I agree we should all be accountable for our services.
I would prefer decentralised monitoring, and that we agree on the metrics and technical measures.

the SLA is currently:

Rankings:
+1 rank for every day where service meets SLA guidelines
-7 rank for every 15 minutes where service is unresponsive.
-1 rank for every 15 minutes where response time is too high.

We are not using the 'rank' yet?

Service-Level-Agreement:
99.9% Uptime
Less than 100ms Response Time (Network Latency - Response Latency = Response Time)
Polled every 5 minutes
Node telemetry exported to endpoints

On SLA of 99.9%, 43 mins of downtime per month is still within SLA.

Marking a node as down for 1 hour may not reflect this accurately.

Some suggestions of tests / checks

  • service availability - penalty: slash 1 hour/service

    • wss connection
    • boot nodes
  • Tests that check config - penalty: slash 1 hour/service

    • max rpc connections
    • offchain indexing
    • archive nodes
  • Tests that simulate user experience - penalty: depends on GeoDNS and external factors, perhaps test every 5 mins, and check for average ms over 1 hour?

    • connectiion time
  • performance tests - we have not agreed on how this should be checked

    • spiking rpc calls to simulate NFT drops etc
    • a ping test of 1000 per second

@senseless
Copy link
Contributor Author

I would prefer decentralised monitoring, and that we agree on the metrics and technical measures.

It would be decentralized, multiple members would be operating a DNS authority for dotters.network that embeds the necessary functionality.

We are not using the 'rank' yet?

No, we've been super lax. The ranking system doesn't financially penalize for downtime.

Marking a node as down for 1 hour may not reflect this accurately.

If you don't provide service (for whatever reason) -- you should not be paid as if you did. It's that simple.

@miloskriz
Copy link

Thanks Tom for this proposal,

I strongly agree with the spirit of it, and I am all for its implementation at a more mature time, but I will be rejecting until the following issues are considered:

  1. the IBP-geodns is a great project but (subjective appreciation ahead) still lacks the refinement and stability required to be used as single source of truth for such a delicate decision as payouts.
  2. Ping storms to the public IPs of each member seem to be part of current approach of IBP-geodns to manage services under dotters.network domain only, so, in any case, this RFC should only be applicable to the estimated 50% of all IBP services supposedly going through that domain.
  3. Responses to ICMP Ping storms are unsuitable to ascertain the availability of individual endpoints and are known to be producing large numbers of both: false positives and false negatives. In conclusion they should be excluded completely as metric used to determine whether an endpoint is up/down.
  4. The ideal metric should be instead the TCP OK response to the /health/readiness call on such individual endpoints.

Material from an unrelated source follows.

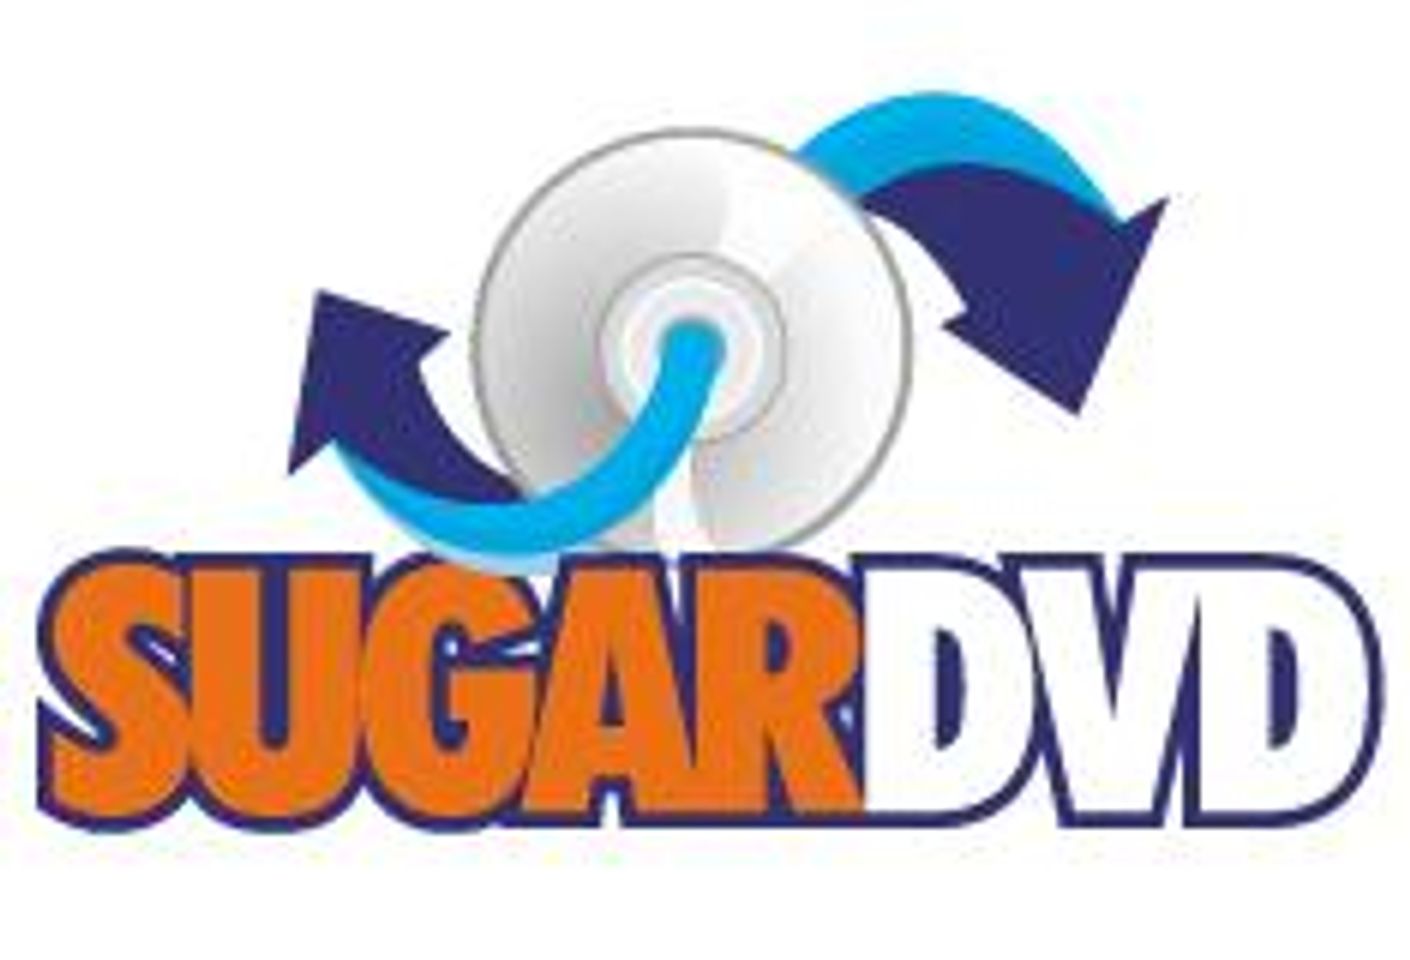 SugarDVD Bids $500,000 for Lauren Conrad Sex Tape

I would expect that a minimum of 3x failed calls spaced 1 minute between each other should be considered a positive failure for that endpoint.
  5. This readiness endpoint is already available in relaychains but may take some time to be available in systemchains / parachains, so again, special / temporal alternatives should be needed.
  6. Only checks directed to the high availability - balanced RPC ports (i.e. 9944) should be considered binding to this variable payment policy (meaning no p2p checks on 30333-similar ports, which potentially report on availability of individual backends).
  7. The measuring of this metric must be taken from within the appointed territory, meaning that for example, services in Oceania must only be measured / enforced and binding within Oceania itself.
  8. This proposal still requires to consider maintenance time allowance for each member, penalising this type of planned downtime discourages good operating practices and may hinder excellence.
  9. Measuring of bootnode availability/functionality should be excluded of this payment policy, as these are provided for free. However members' ethical performance and/or a separate enforcement policy must be devised for such commitment to the community.
  10. In general terms, a sensible approach should be applied to balance out both: the need to measure availability of the members' endpoints, and our duty to clear bandwidth for real users to benefit of the IBP services, too much noise is already going on about the internal use of monitoring requests.

Hope this helps promoting healthy conversation around this proposal.

Thanks again!

Milos

@senseless
Copy link
Contributor Author

senseless commented Sep 27, 2024

1. the `IBP-geodns` is a great project but (subjective appreciation ahead) still lacks the refinement and stability required to be used as single source of truth for such a delicate decision as payouts.

It's been active for 2-3 months now without any issues. How long is sufficient time to determine stability?

2. Ping storms to the public IPs of each member seem to be part of current approach of `IBP-geodns` to manage services under `dotters.network`  domain only, so, in any case, this RFC should only be applicable to the estimated 50% of all IBP services supposedly going through that domain.

I activated WSS and SSL checks as of last weekend. The SSL check makes sure there is a valid SSL certificate for the domain in question and that the SSL certificate has > 5 days till expiry. Minimizing it to 5 days before expiry allows DNS to be update and appropriate time for any possible client side caches to clear.

The WSS check here is quite extensive. It checks for...

  1. Is full archive node (checks for old block)
  2. Is on the correct network (asset hub vs coretime for example)
  3. Has more than 5 peers and is not syncing.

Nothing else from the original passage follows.